2. FOR YOUR GROUP: If you haven’t had someone in your group share of a difficult time in life when it’s hard to trust God or see what He’s doing, you will soon. Let me tell you our temptation in those moments: We see the knotted underside of the tapestry and like to give encouragement by speculating as to what the beautiful thing is that God is doing. We like to suggest possible hopeful outcomes, to write our own endings to God’s story. This is actually NOT helpful! It’s not helpful because we don’t actually know for sure what God is doing – even if we sometimes think we do. But it’s also not helpful because it implies that what is needed for us to trust God in these hard times is an understanding of what He is doing, where the particular part of the story fits into the big picture.

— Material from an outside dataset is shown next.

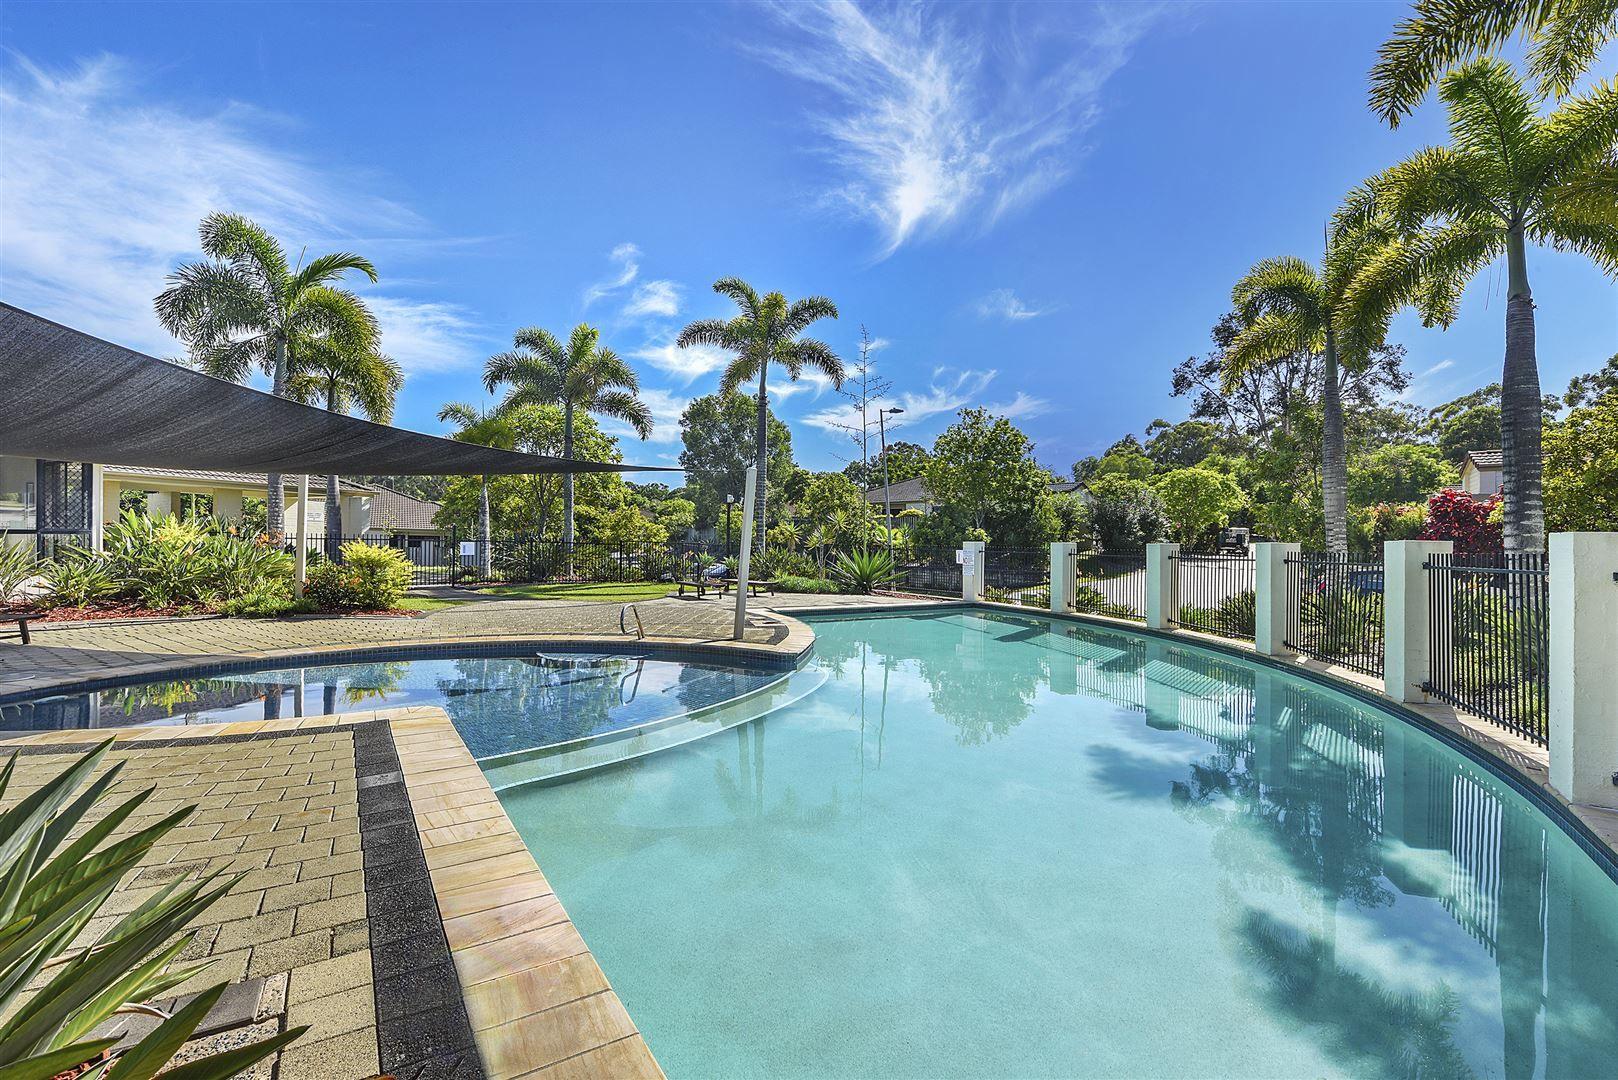 70/590 Pine Ridge Road, Coombabah QLD 4216, Image 0

Biblically, that’s not what God tells us is needed. Ask Job. Ask Joseph. Ask the author of Ecclesiastes. Our seeing the tapestry from God’s viewpoint and understanding the whole story is NOT the answer. God says the answer is to know and trust the Weaver, to know and trust that He is indeed making something beautiful, that He is in fact a God who redeems and restores even the most broken and hopeless situation even when we don’t understand why or how. He actually calls us to live almost exclusively looking at the underside of the tapestry. Our hope from that side is a trust that there is a beautiful side being created by a Master Weaver who “knows, loves, and cares.”
What this means in our small groups is that we need not tell Jack and Jill how their marital struggles are part of God’s grander purposes. We need not tell Sally Sue how her heartbreak will be redeemed. We need not tell Billy Bob how his failure will be made glorious. INSTEAD, when those “ugly sides” of the tapestry are shared, we can love others well by reminding them of who God is, what He is like as a God who can be trusted, how much He understands their pain and has experienced it himself on the cross. That’s a God we can trust. That’s a Weaver who gives us hope from the underside of the tapestry.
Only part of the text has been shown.